As will be appreciated by one of ordinary skill in the art, the specific routines described below in the flowcharts may represent one or more of any number of processing strategies such as event-driven, interrupt-driven, multi-tasking, multi-threading, and the like. As such, various steps or functions illustrated may be performed in the sequence illustrated, in parallel, or in some cases omitted. Likewise, the order of processing is not necessarily required to achieve the features and advantages of the invention, but is provided for ease of illustration and description. Although not explicitly illustrated, one of ordinary skill in the art will recognize that one or more of the illustrated steps or functions may be repeatedly performed depending on the particular strategy being used. Further, these Figures graphically represent code to be programmed into the computer readable storage medium in controller 12.
Referring now to FIGS. 3A-3B, a routine is described for enabling and controlling fuel cut operation. First, in step 210, the routine determines whether engine coolant (ECT) is greater than a threshold temperature to enable cylinder deactivation (DFSECT). For example, the routine determined whether the engine is in a warmed up state in which fuel cut operation is allowed.

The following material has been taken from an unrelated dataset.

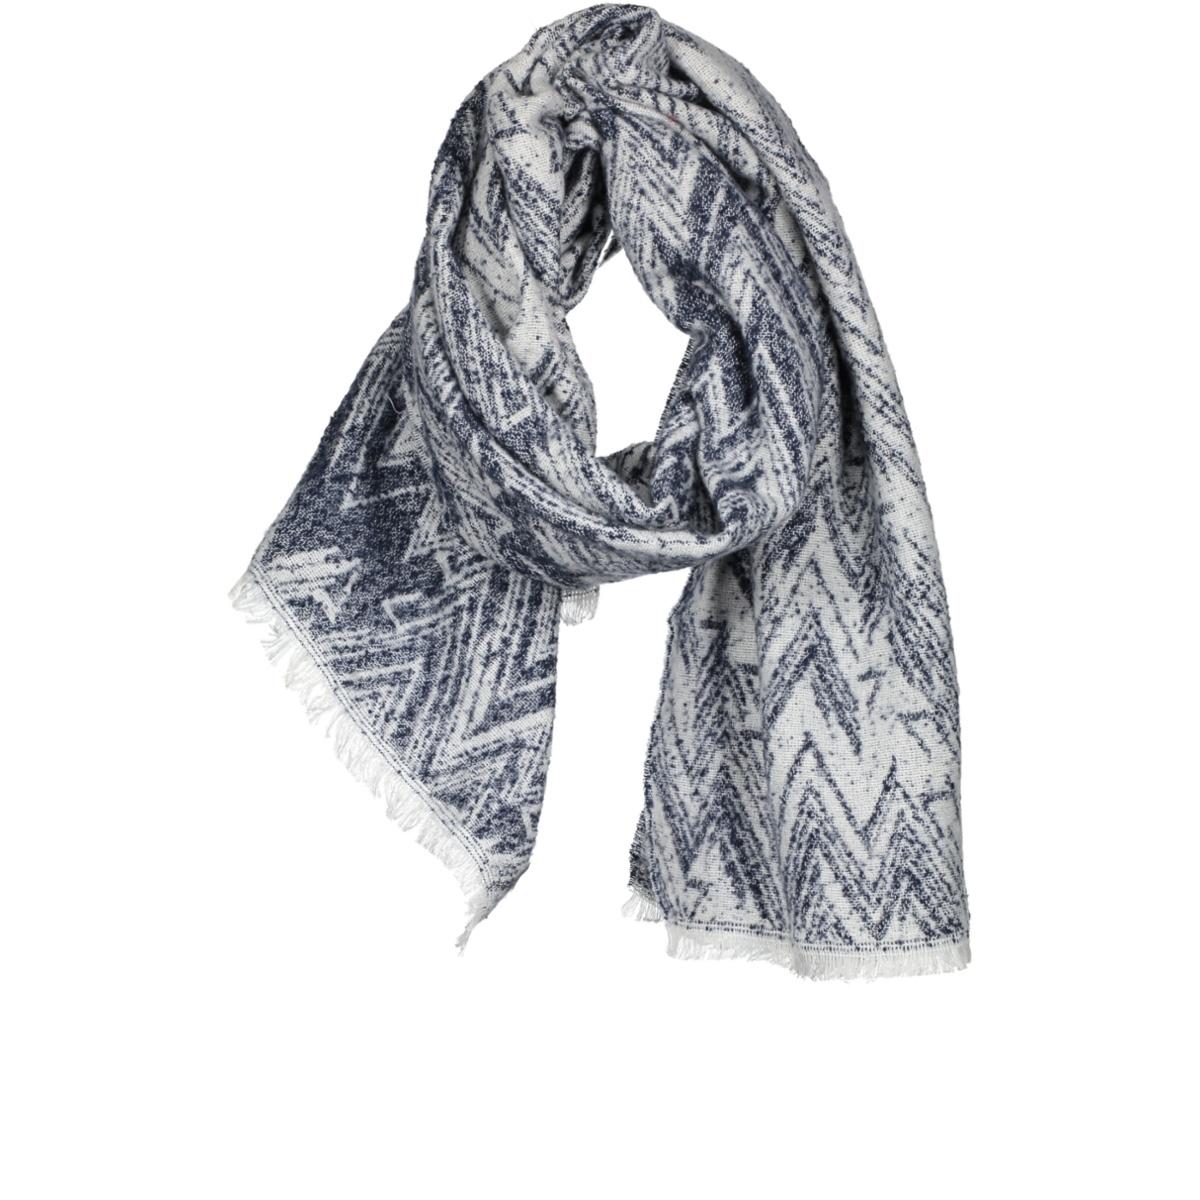 w17.97.5950 amber scarf circle of trust sjaal nighshade

Next, in step 212, the routine determines whether the throttle is closed greater than a threshold amount. Then, in step 214, the routine determine whether the transmission is in gear. If not, in step 215, the routine determines whether cylinder deactivation in neutral is enabled.
Then, in step 216, the routine checks whether the flag (dcelq5) is equal to one. This flag is described in more detail below with regard to steps 232 to 242 and determines generally whether the engine load and engine speed are high enough to enable fuel cut operation.
Continuing, in step 218, the routine checks flag (flg_dfso_nov) which is described in more detail below with regard to steps 224-230 and determines generally whether the transmission is in a high enough gear.
Then, in step 220, the routine sets the flag (dfsflg) to one, or in step 223 sets the flag to zero depending on the determinations of steps 210 to 218.
Continuing with FIGS. 3A-3B, in step 224, the routine determines whether the gear ratio (novs—engine speed over vehicle speed) is less than a threshold value. If so, the routine sets the flag (flg_dfso_nov) to one in step 226. Otherwise, the routine determines whether the gear ratio (novs—engine speed over vehicle speed) is greater than the threshold value plus a band to prevent hunting (e.g., a hysteresis band) in step 228. If so, the routine sets the flag (flg_dfso_nov) to zero in step 230.
Next, in step 232, the routine determines whether engine speed error (n_now—desired_rpm) is greater than a threshold (DFSRPM), and if so, determine whether engine load (load) is greater to the limit (DFLOAD) in step 234. If so, the routine sets the flag (dcelq5) to one in step 236. Otherwise, in step 238, the routine determines whether engine speed error is less than a threshold (DFSRPM) minus hysteresis band, and if so, determine whether engine load (load) is less than the limit (DFLOAD) plus hysteresis band in step 240. If so, the routine sets the flag (dcelq5) to zero in step 242. In this way, the routine determines whether engine speed is high enough and load low enough to enable fuel cut operation.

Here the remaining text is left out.